The cancelPrevious function accepts an options argument containing properties:

• {Function} shouldCancel: a function accepts (currentArgs, previousArgs) and returns a boolean to determine whether to cancel previous thunk, the default implement is to compare each argument by shallowEqual.
• {Function} cancel: a function to actually cancel or abort current running thunk, this function will receive the Promise instance returned by thunk, the default implement is an empty function.

import {reusePrevious} from 'redux-managed-thunk';

let idEqual = (x, y) => x.id === y.id;
let abortFetch = running => running.abort();
let updateUser = user => async dispatch => {
    let updating = http.put(`/users/${user.id}`, user);
    updating.then(updatedUser => dispatch({type: 'USER_UPDATE', payload: updatedUser}));
    return updating;
};
updateUser = cancelPrevious({shouldCancel: idEqual, cancel: abortFetch})(updateUser);

updateUser({id: 123, name: 'x'});
// Cancels previous update, name will directly updated to "y", no {name: "x"} state change will happen
updateUser({id: 123, name: 'y'});

Make thunk transactional

The transactional higher order thunk creator will temporarily save all actions dispatched from a thunk, then dispatch them after the thunk successfully finishes, if the thunk failes (throws in sync or rejectes asynchronously), all dispatch calls will be dismissed:

import {transactional} from 'redux-managed-thunk';

let counter = 1;
let decrementCounter = () => dispatch => {
    dispatch({type: 'LOG', payload: 'decrementing...'});

    if (counter === 0) {
        throw new Error('Cannot decrement');
    }

    counter--;
    dispatch({type: 'NEW_COUNTER', counter});
    dispatch({type: 'LOG', payload: 'decremented'});
};
decrementCounter = transactional()(decrementCounter);

decrementCounter();
// Because this will throw an error, the "decrenmenting..." log will not appear
decrementCounter();

Write a higher order thunk creator

You can write custom higher order thunk creators, they are just pure functions matching the signature, below is an example of a higher order thunk creator which warns thunk deprecation message in console:

let deprecated = name => next => (...args) => {
    let thunk = next(...args);
    return (...thunkArgs) => {
        console.warn(`${name} thunk is deprecated`);
        return thunk(...thunkArgs);
    };
};
// myAPI = deprecated('myAPI')(myAPI);

Optimistic UI support

redux-managed-thunk also supports optimistic UI, you can use the optimisticEnhancer named export to enable optimistic UI support. The optimisticEnhancer is a function which returns a Redux StoreEnhancer, pass it as the third argument of createStore:

import {createStore} from 'redux';

let store = createStore(reducer, preloadedState, optimisticEnhancer());

You can use compose function to merge multiple enhancers:

import {createStore, compose} from 'redux';
import logger from 'redux-logger';
import saga from 'redux-saga';

let store = createStore(
    reducer,
    preloadedState,
    compose(
        applyMiddleware(logger, saga),
        optimisticEnhancer({/* options */})
    )
);

The optimisticEnhancer function accepts an options argument, this argument is directly passed to managedThunk function.

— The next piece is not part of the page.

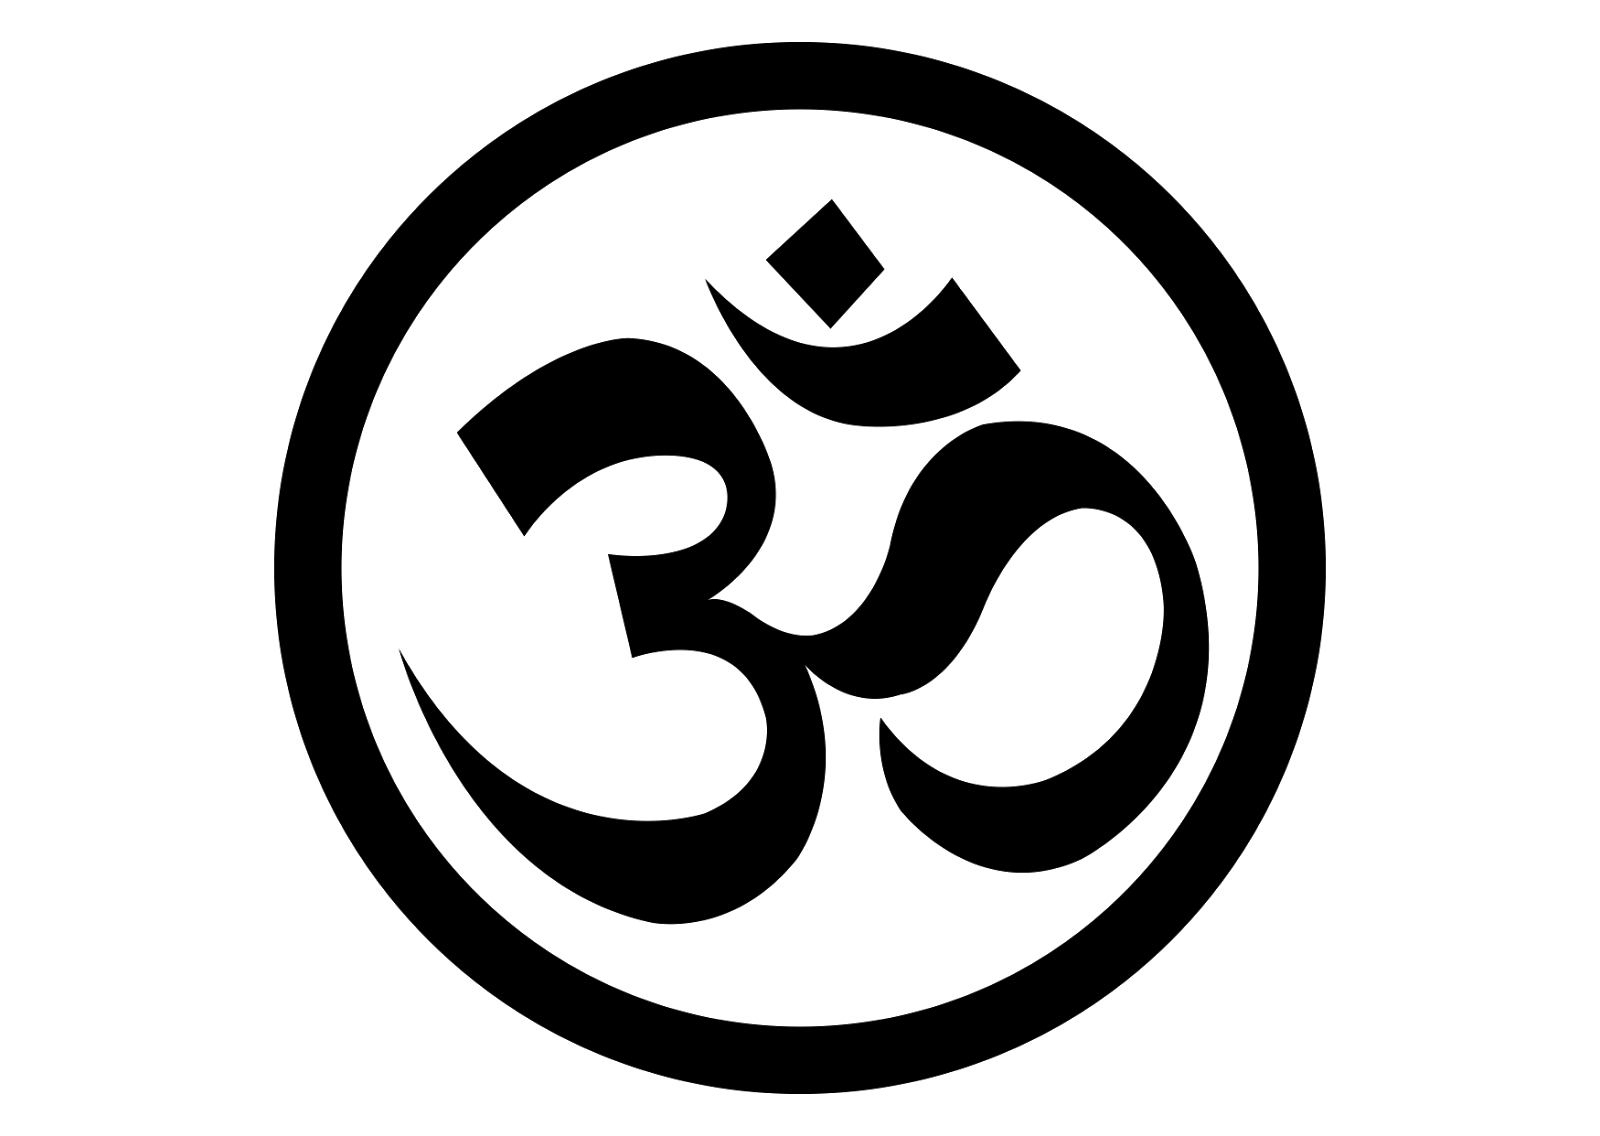 Om yoga logo vector format cdr ai eps svg pdf png Om symbol images

The implement of optimistic UI stays the same as redux-optimistic-thunk, you can pass an action with structure [Function, Function] to dispatch function:

1. The first function is a standard thunk defined by redux-managed-thunk, this thunk must be async, an error will be thrown if it is sync.
2. The second function is also a thunk but must be sync, an error will be thrown if it is async.

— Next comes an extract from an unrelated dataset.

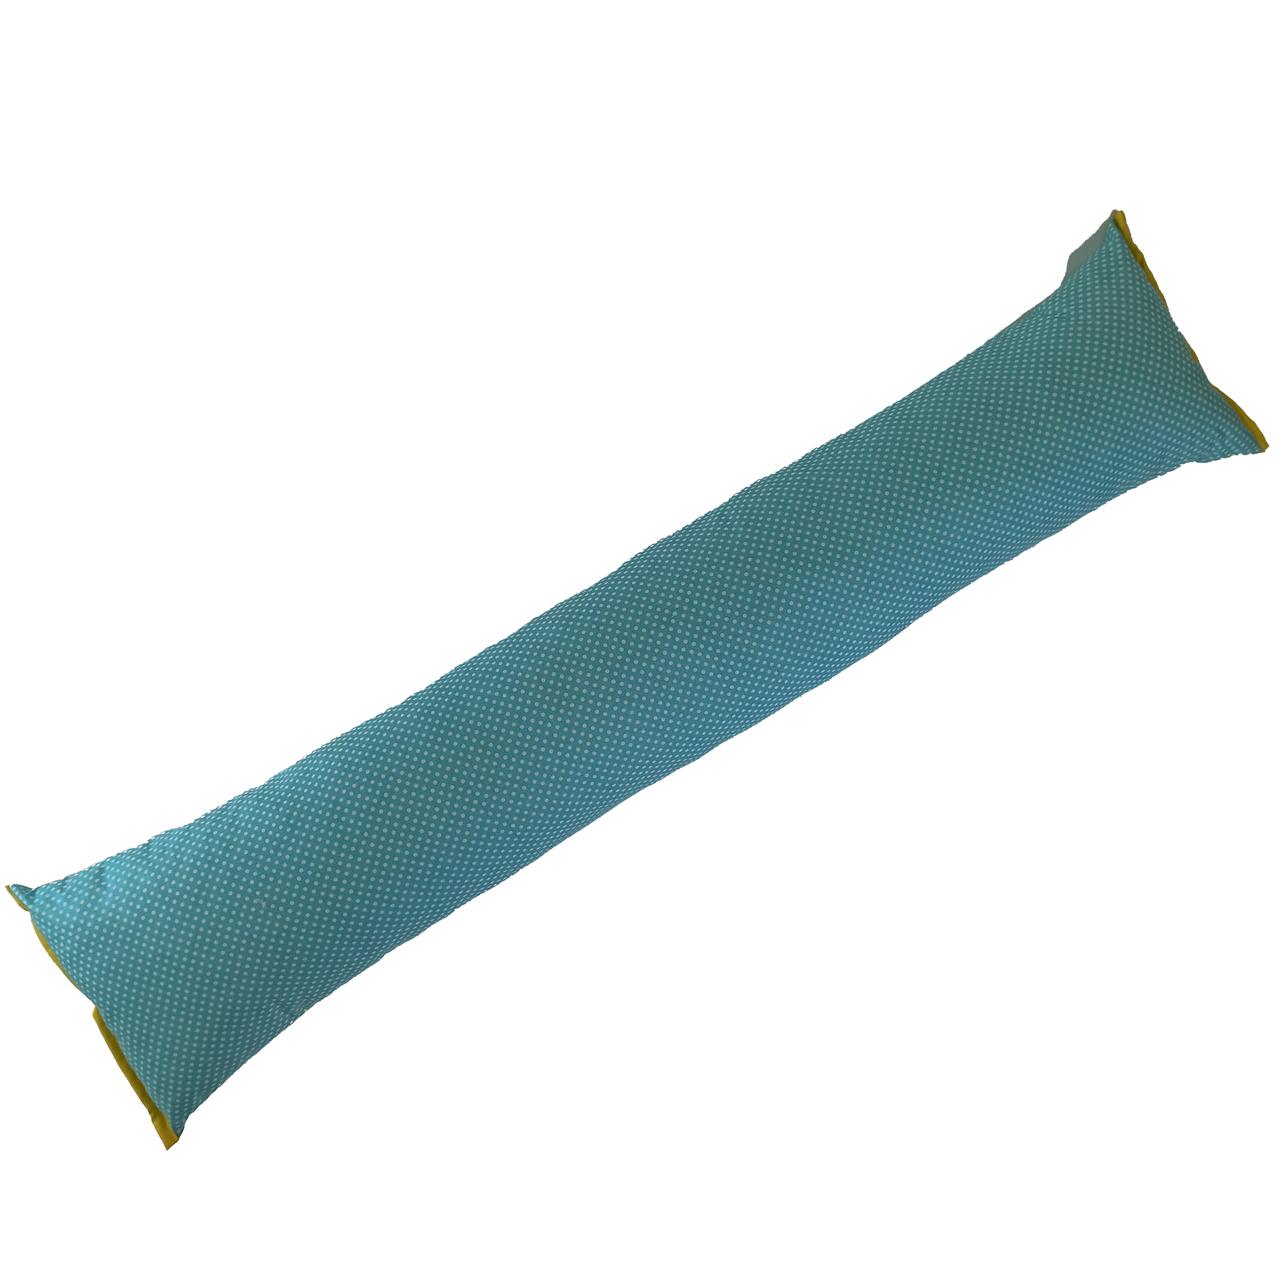 Подушка/обнимашка от сквозняков 90*15 см, (хлопок) (горох на бирюзовом)

On receiving the array, redux-managed-thunk will perform steps listed below:

1. Run the first thunk, all synchronously dispatched actions will be applied.
2. Run the second thunk, all actions will be applied.
3. Wait for the first thunk to invoke dispatch asynchronously, then rollback actions produced by the second thunk.
4. Dispatch asynchronous actions from the first thunk.

redux-managed-thunk uses a transaction based mechanism to manage all thunks, there will be no race conditions in optimistic UI.